**WHAT IS NEEDED**
Copy out the lines beginning with the one that contains "Quy trình thu" and ending with the last line below, exactly as they stand. Pictures are not copied.

**THE INPUT**
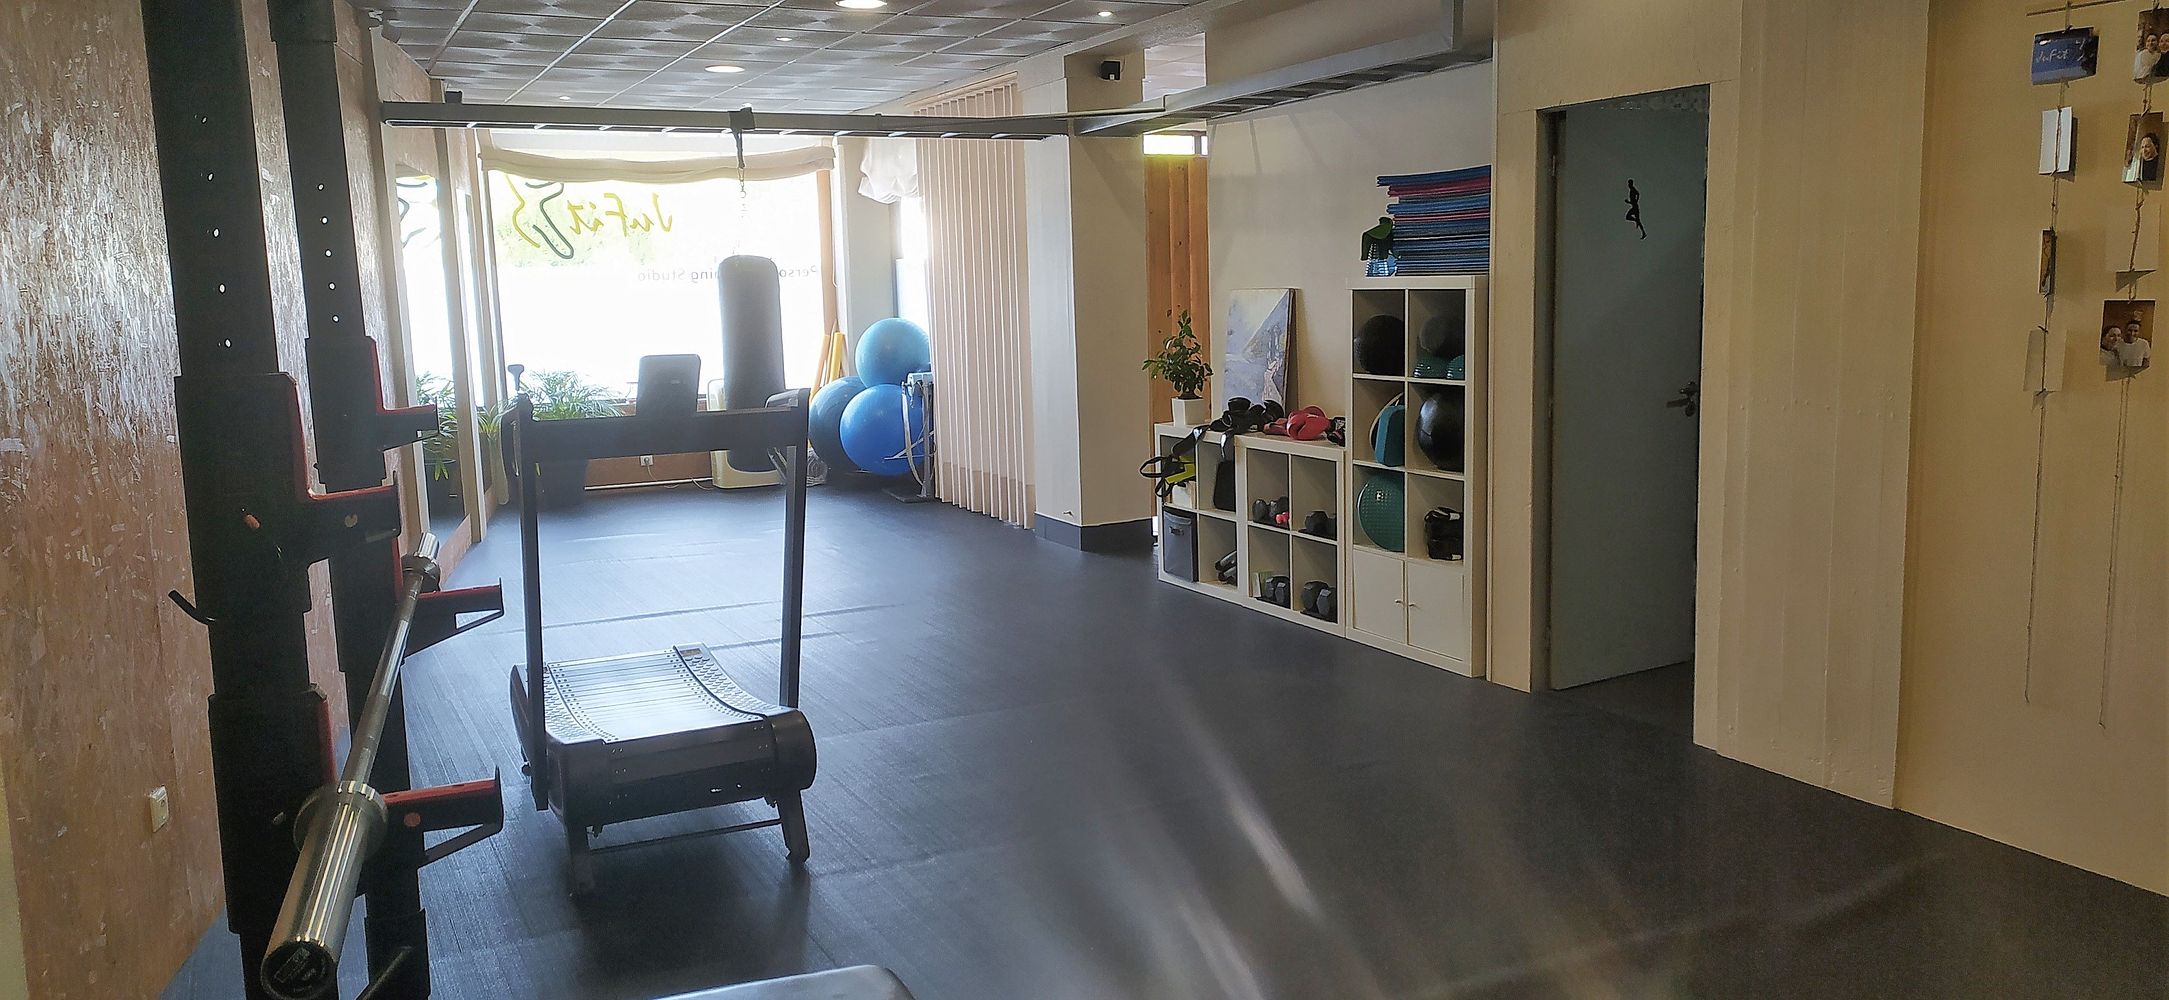 JuFit gym in Guimarães, Portugal
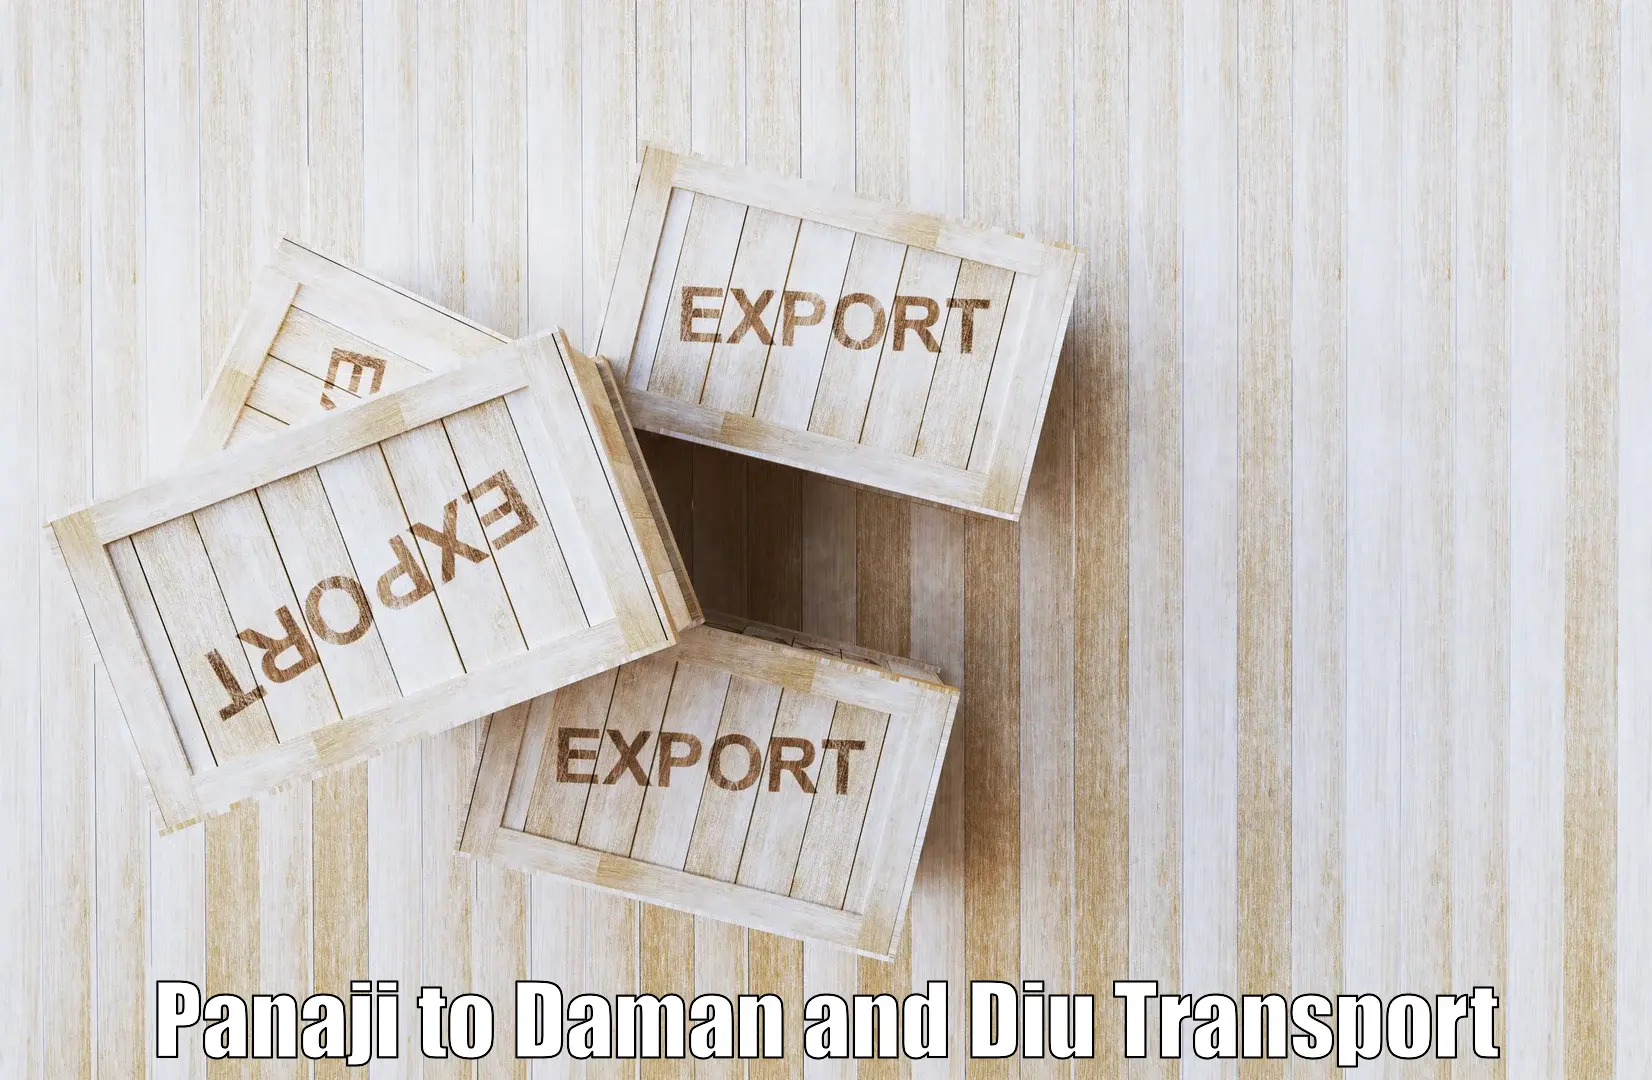 Daily transport service Panaji to Daman and Diu
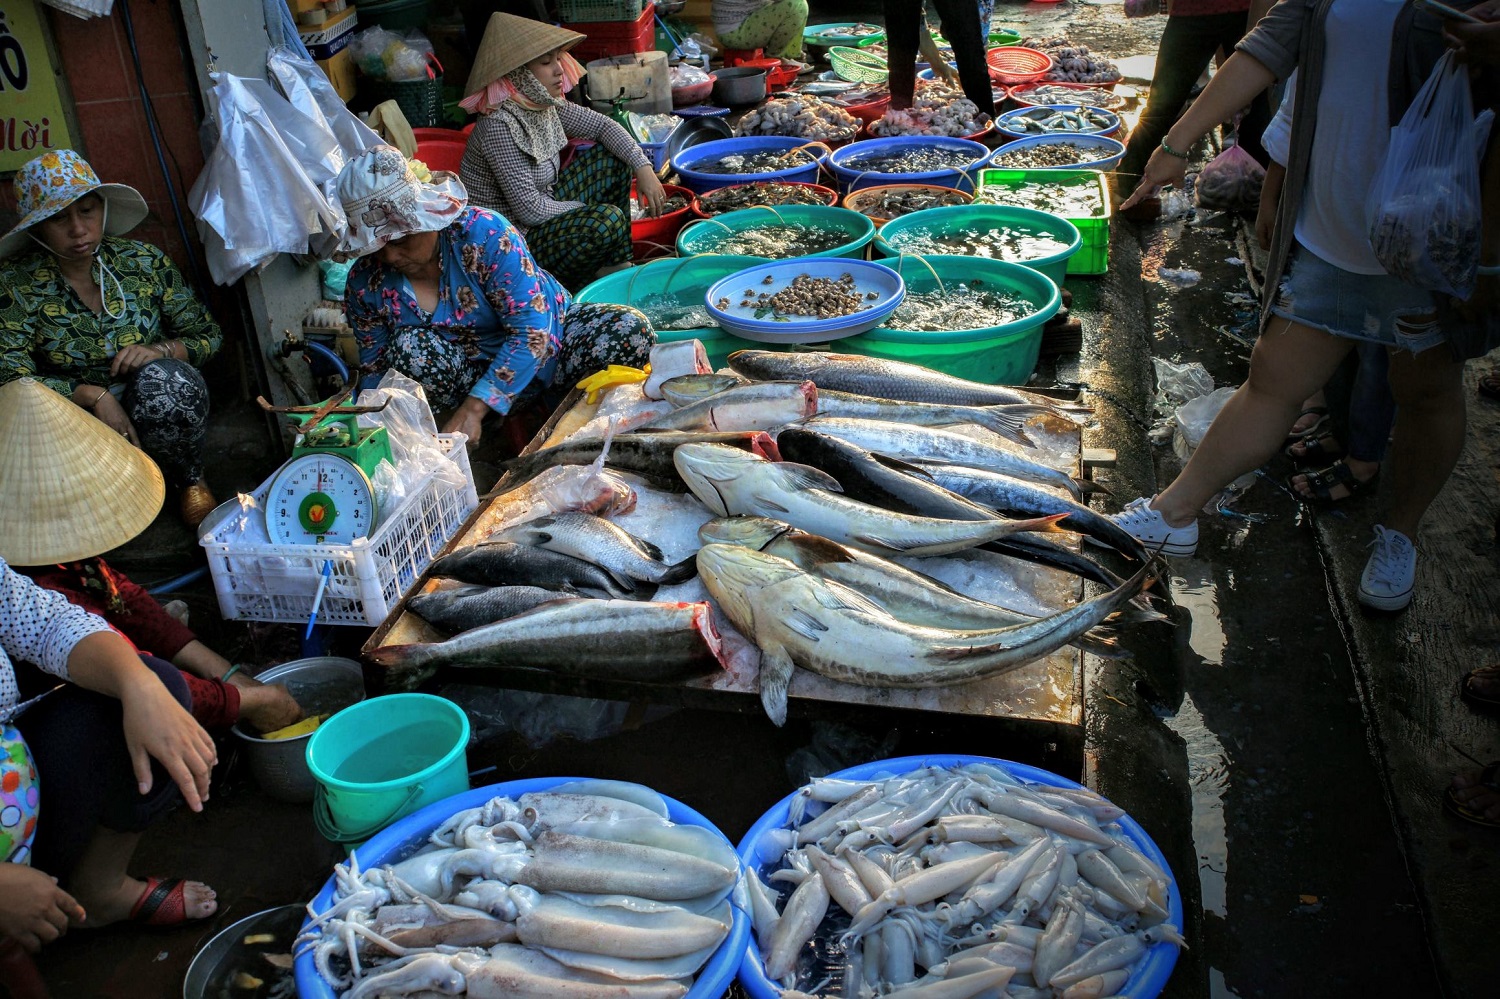 Quy trình thu mua và bán hải sản tại chợ xóm Lưới Vũng Tàu như thế nào?
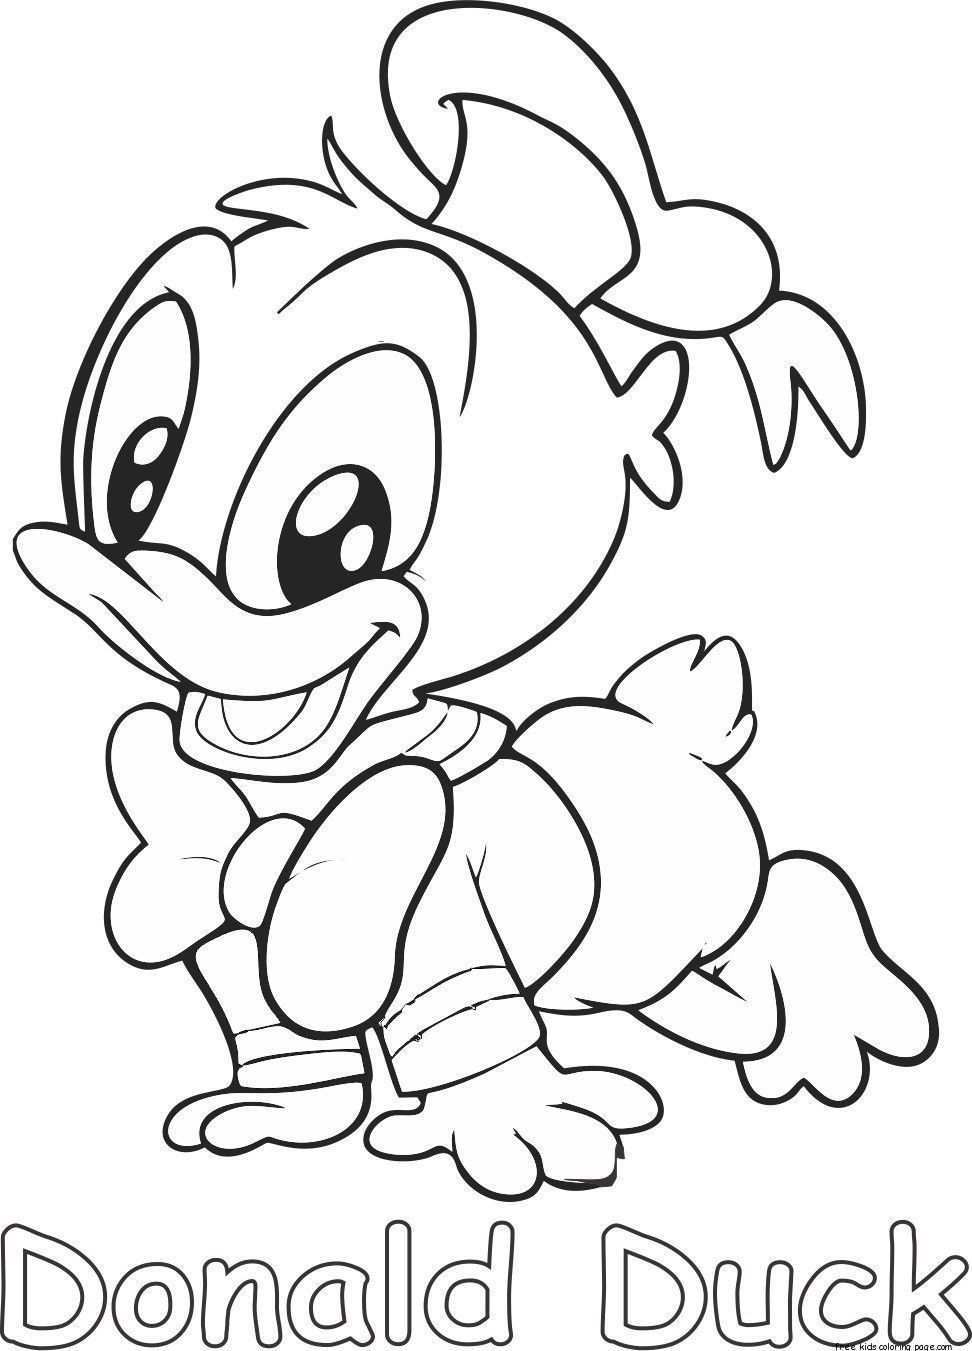 Donald Duck Baby Kleurplaat Laat Je Kinderen Genieten Van Het Niewu Kleurplaat Donald
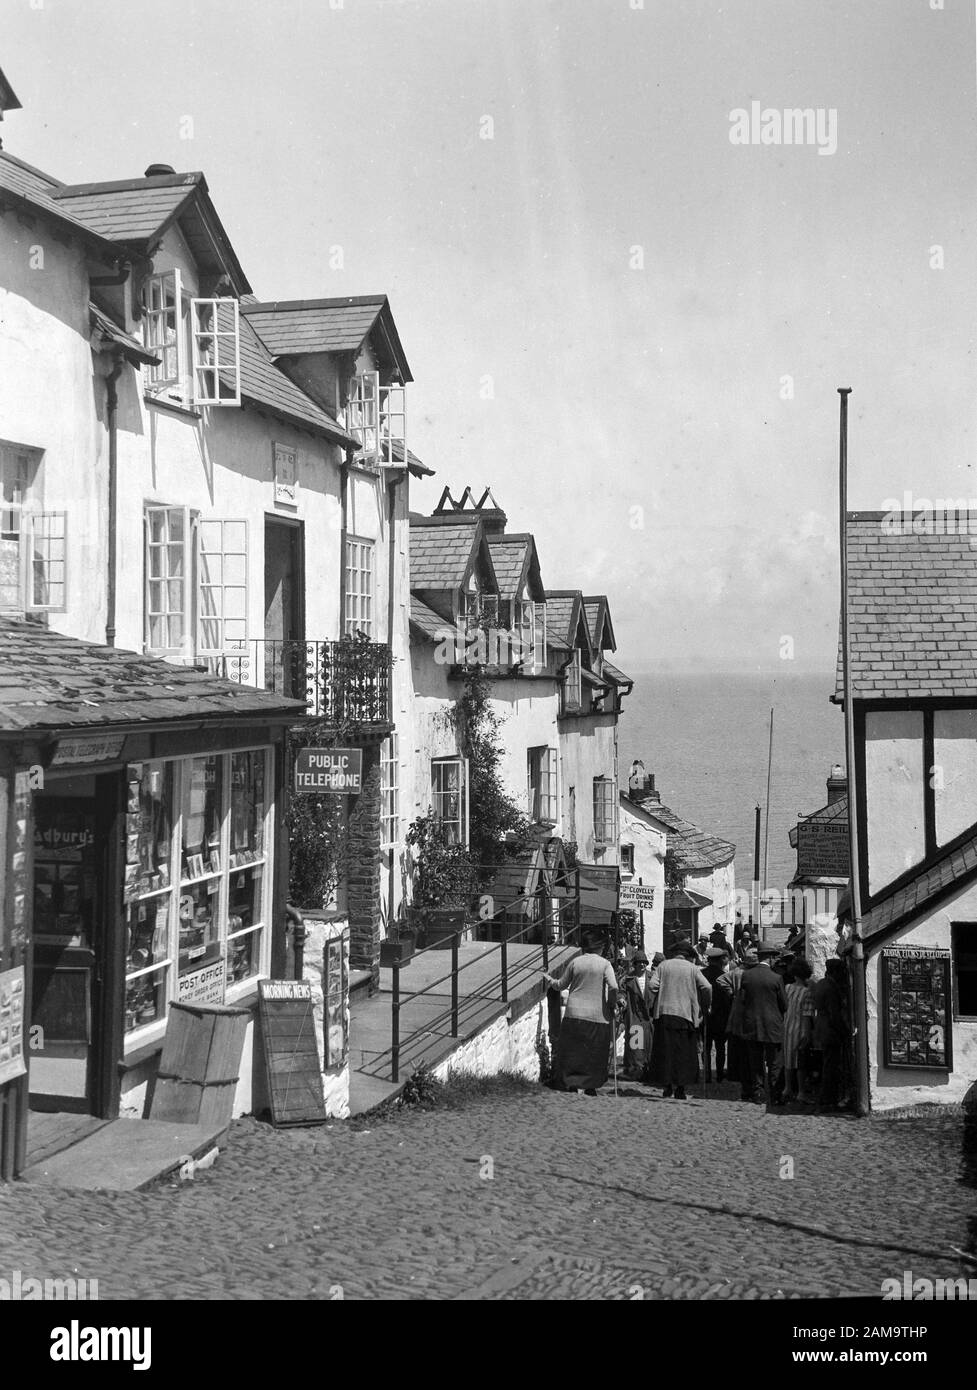 Archive image vers les années 1920 de Clovelly High Street, Devon, Royaume-Uni. Numérisé à partir du négatif d'origine Banque D'Images

**WRITTEN SOLUTION**
 Quy trình thu mua và bán hải sản tại chợ xóm Lưới Vũng Tàu như thế nào?
 Donald Duck Baby Kleurplaat Laat Je Kinderen Genieten Van Het Niewu Kleurplaat Donald
 Archive image vers les années 1920 de Clovelly High Street, Devon, Royaume-Uni. Numérisé à partir du négatif d'origine Banque D'Images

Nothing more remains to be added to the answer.